╭─ Recorded information

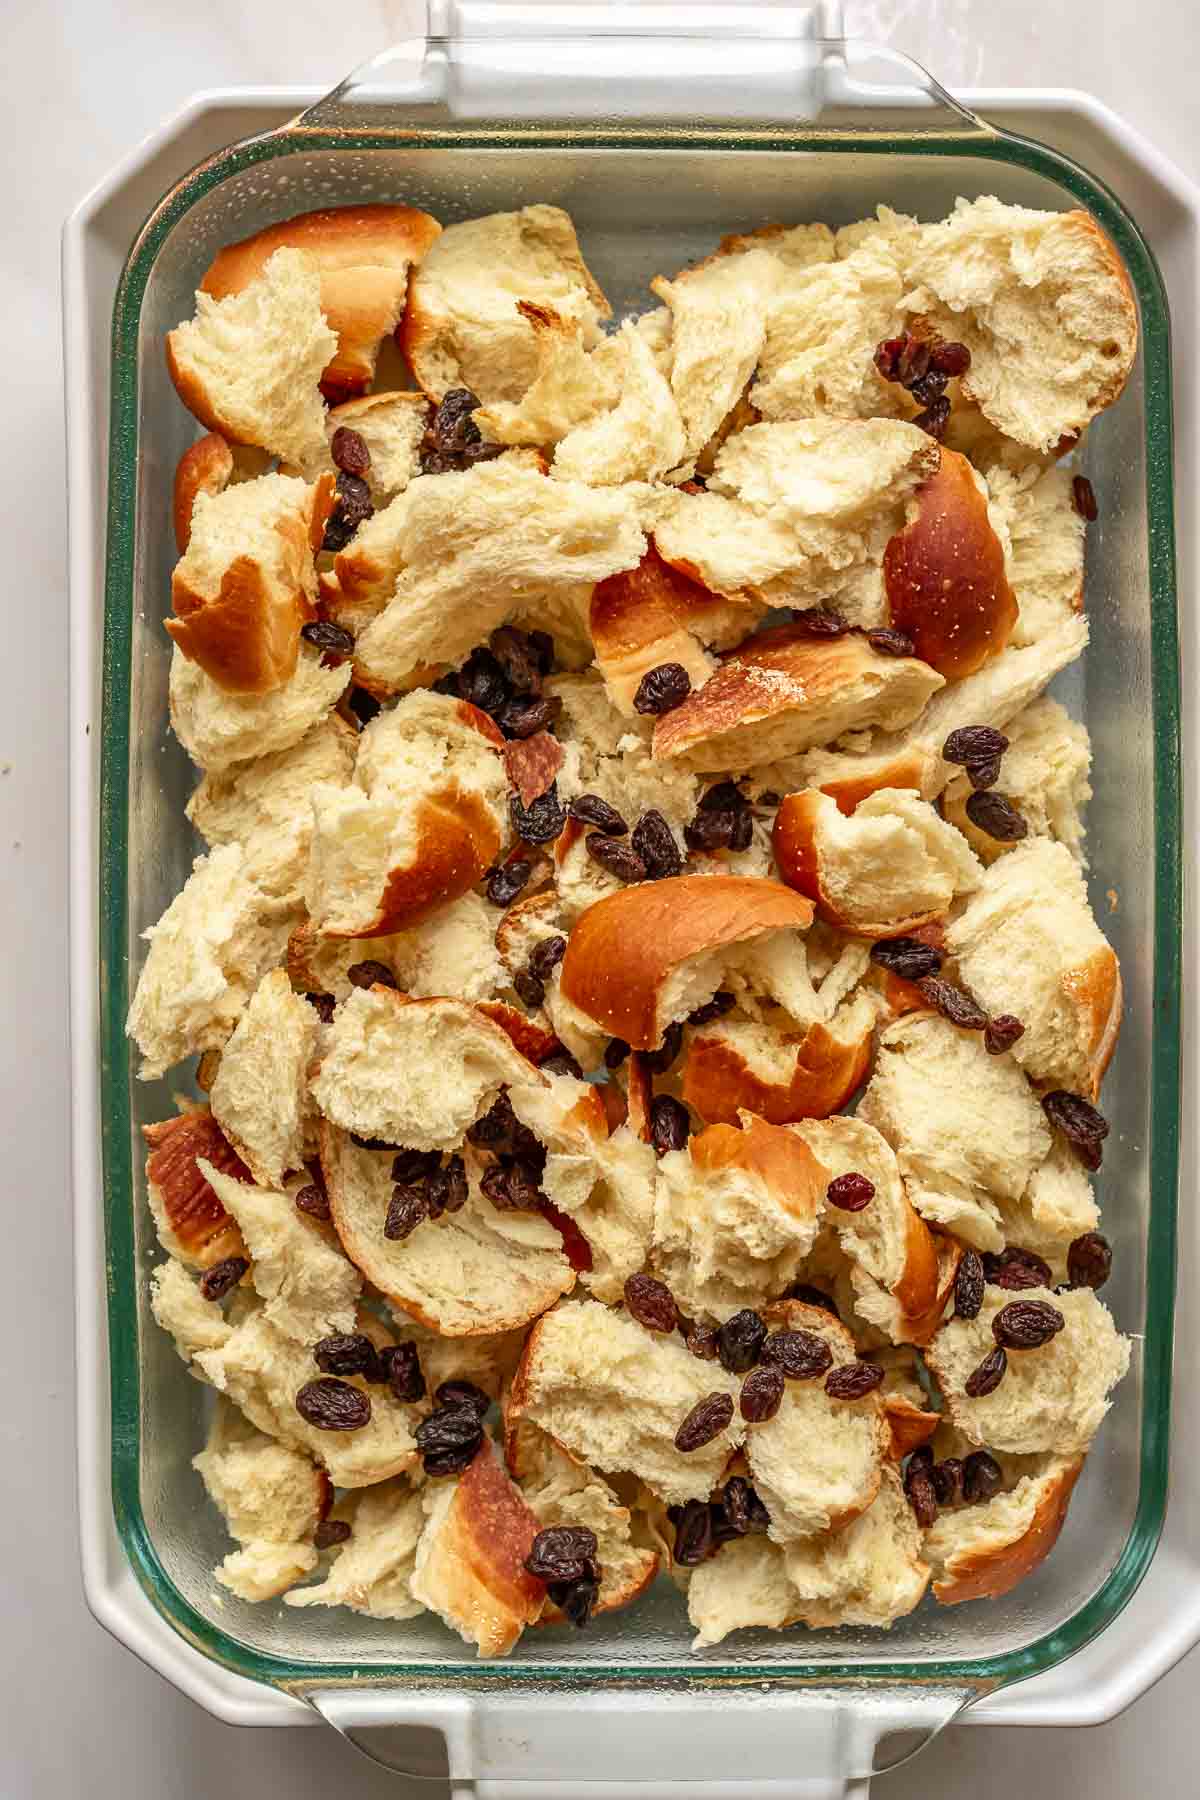 Raising and challah bread pieces in a casserole dish.
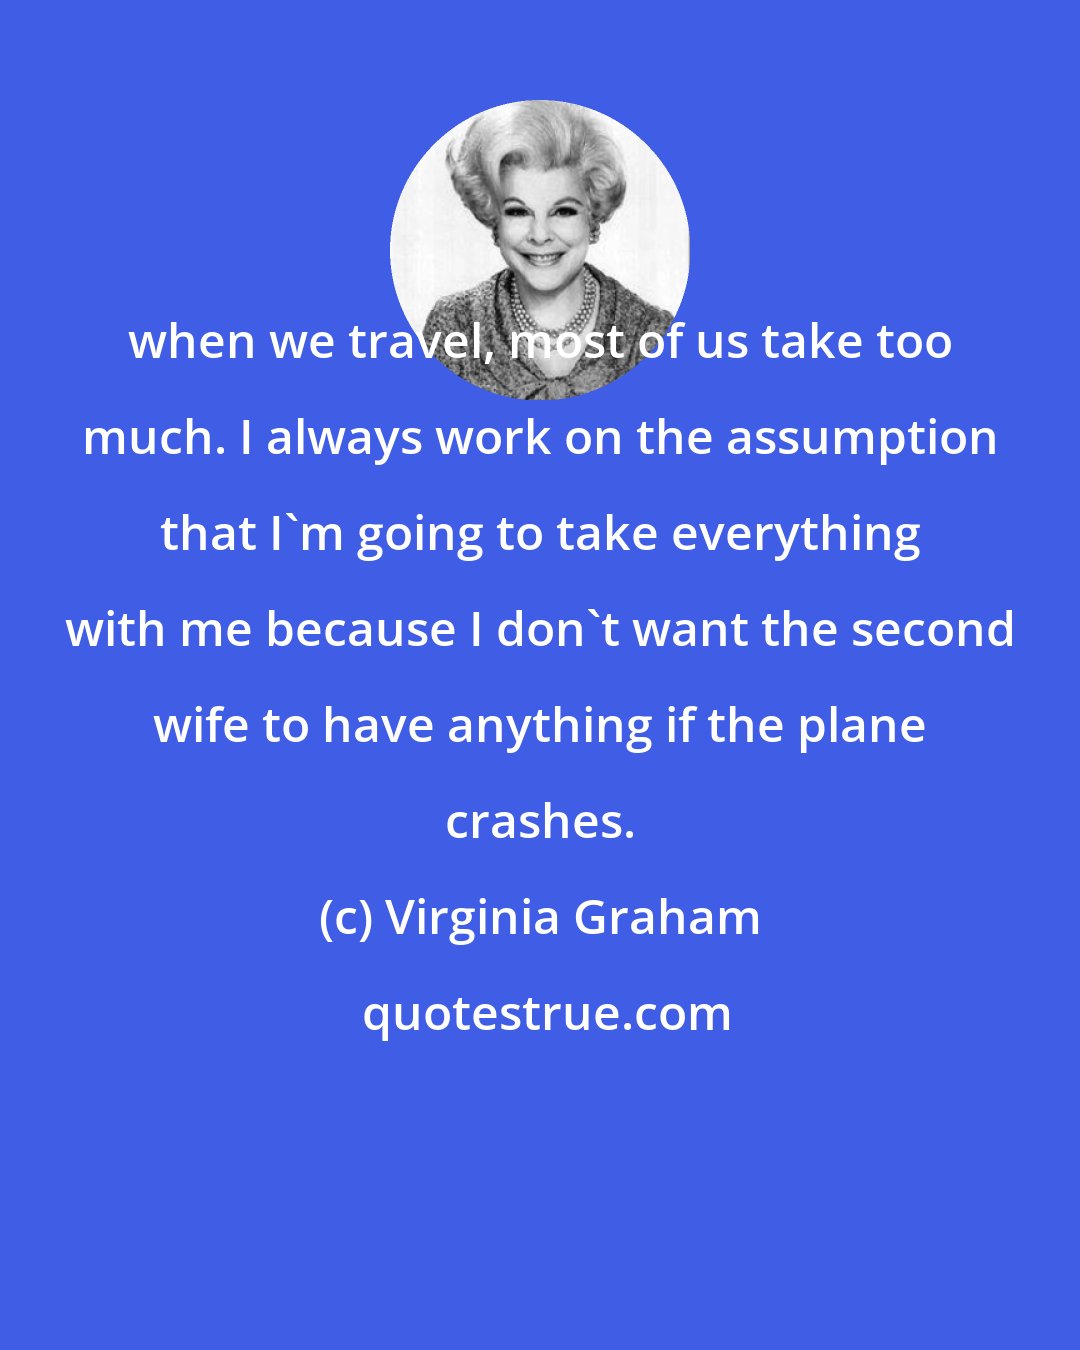 Virginia Graham: when we travel, most of us take too much. I always work on the assumption that I'm going to take everything with me because I don't want the second wife to have anything if the plane crashes.
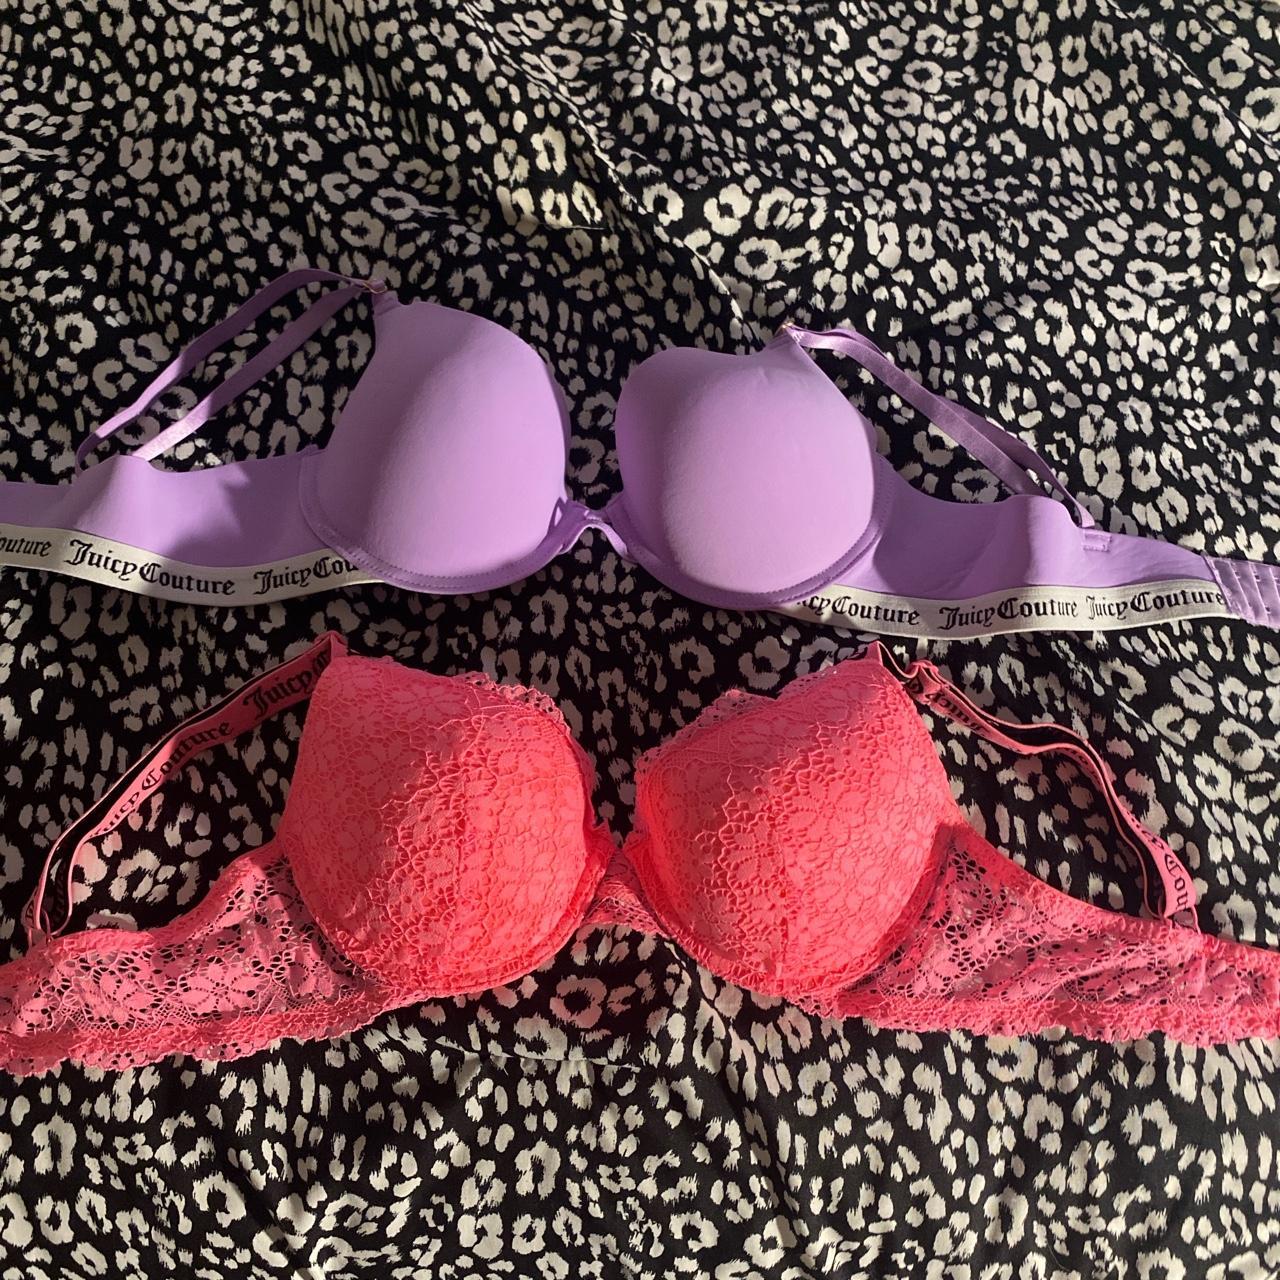 juicy couture bras never worn just not my size - Depop

╰─

Task goal
Each line from the one containing "Virginia Graham: when" through the final line of the data must be reproduced exactly, both ends included, with no pictures in the copy.

Result for this exercise
 Virginia Graham: when we travel, most of us take too much. I always work on the assumption that I'm going to take everything with me because I don't want the second wife to have anything if the plane crashes.
 juicy couture bras never worn just not my size - Depop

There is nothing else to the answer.